Transfer Learning: use a trained model (or part of it) on an input from a different distribution. Most frequently this also involve fine-tuning.
Fine-tuning: training/learning only a subset of all parameters (usually only those nearest the output layer).
Dropout: a regularization technique in which neurons are randomly zeroed out during training.
Batch Normalization: is a technique that speeds up training by normalizing the values of hidden layers across input batches. Normalizing hidden neuron values will keep derivatives higher on average.

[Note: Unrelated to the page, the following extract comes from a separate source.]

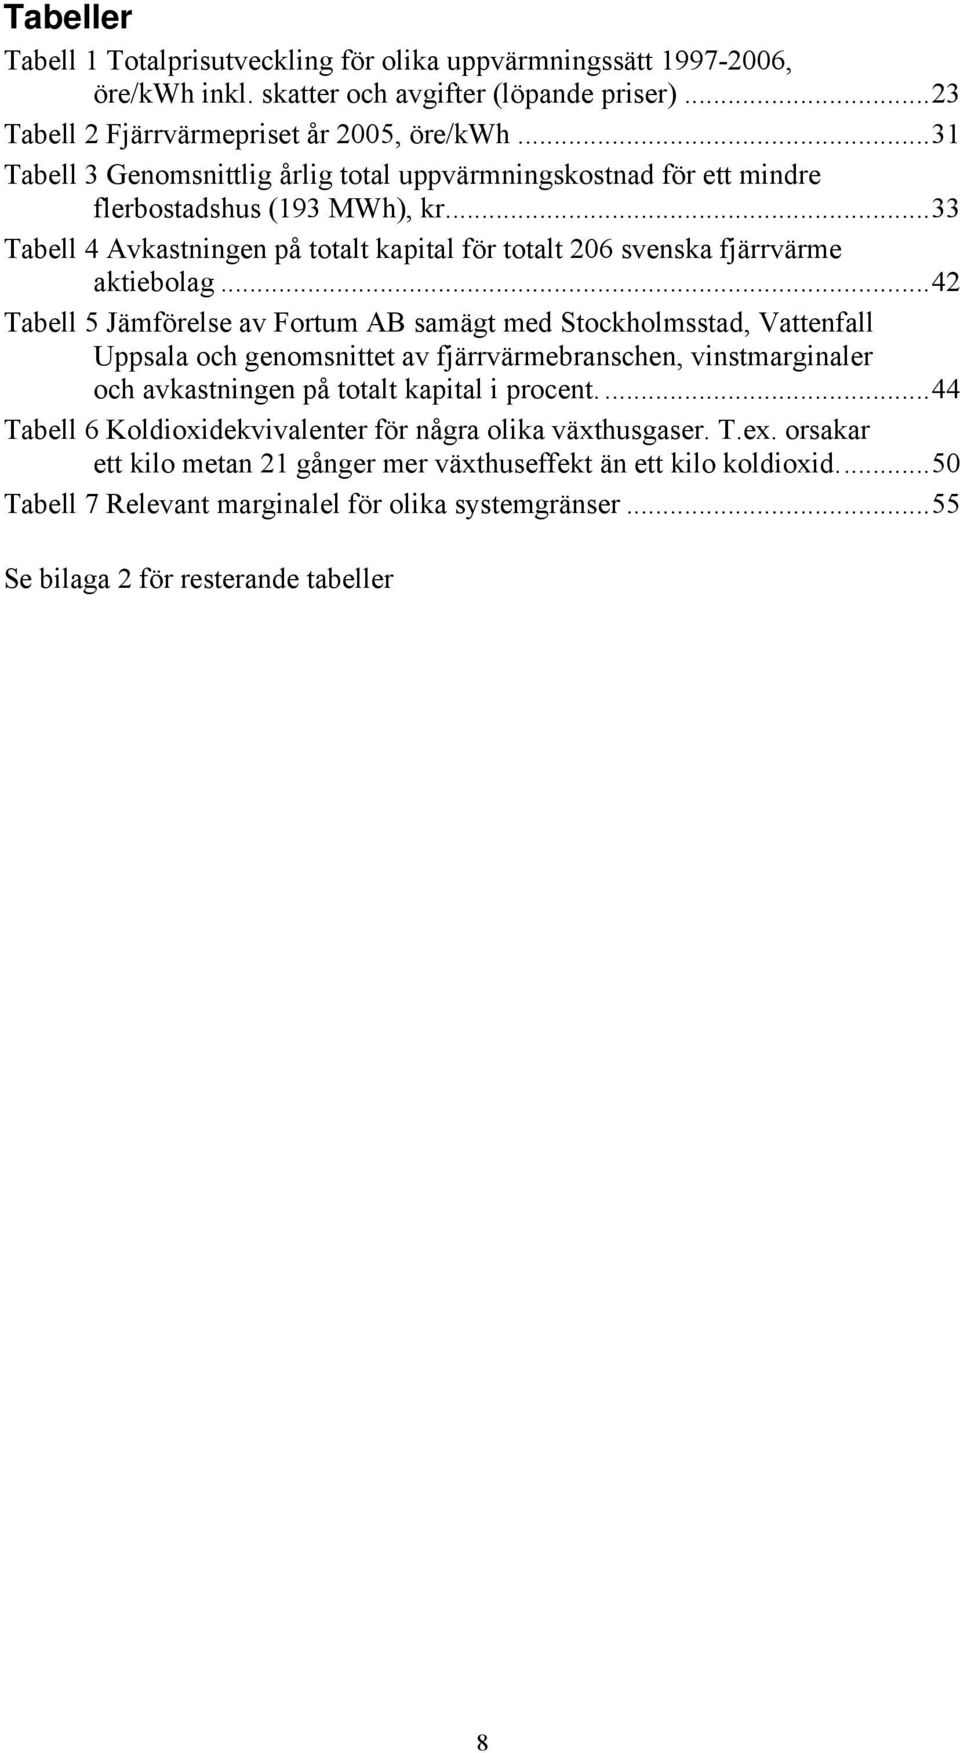 ..42 Tabell 5 Jämförelse av Fortum AB samägt med Stockholmsstad, Vattenfall Uppsala och genomsnittet av fjärrvärmebranschen, vinstmarginaler och avkastningen på totalt kapital i procent.

Attention: (attention mechanism, neural attention) is a technique that enables a NN to focus on a subset of the input data (see Attention in Neural Networks and How to Use It).
Optimization
Gradient Descent (GD): (stochastic GD (SGD), mini-batch GD) a first-order optimization algorithm that can be used to learn parameters for a model.
Backpropagation: application of the calculus chain-rule for NNs.
Learning Rate: a hyperparameter that adjusts the training speed (too high will lead to divergence).
Vanishing Gradients: an issue for deeper NNs where gradients saturate (becomes close to zero) and training is effectively halted.
Exploding Gradients: an issue for deeper NNs where gradients accumulate and result in large updates causing gradient descent to diverge.
Batch: a subset of the input dataset used to update the NN parameters (as opposed to using the entire input dataset at once).
Epoch: each time a NN is updated using all inputs (whether all at once or using all batches).
AdaGrad: a variant of SGD with an adaptive learning rate (see Papers with Coe: AdaGrad).
AdaDelta: a variant of SGD/AdaGrad (see Papers With Code: AdaDelta).
Adam: a variant of SGD with momentum and scaling (see Papers With Code: Adam).
RMSProp: a variant of SGD with an adaptive learning rate (see Papers With Code: RMSProp).
Momentum: an SGD add-on that speeds up training when derivatives stay the same sign each update.
Automatic Differentiation (AD): a technique to numerically/automatically evaluate the derivative of a function.
Cross-Entropy Loss: (negative log likelihood (NLL), logistic loss) a loss function commonly used for classification.
Backpropagation Through Time: (BPTT) a gradient-based optimization technique for recurrent neural networks.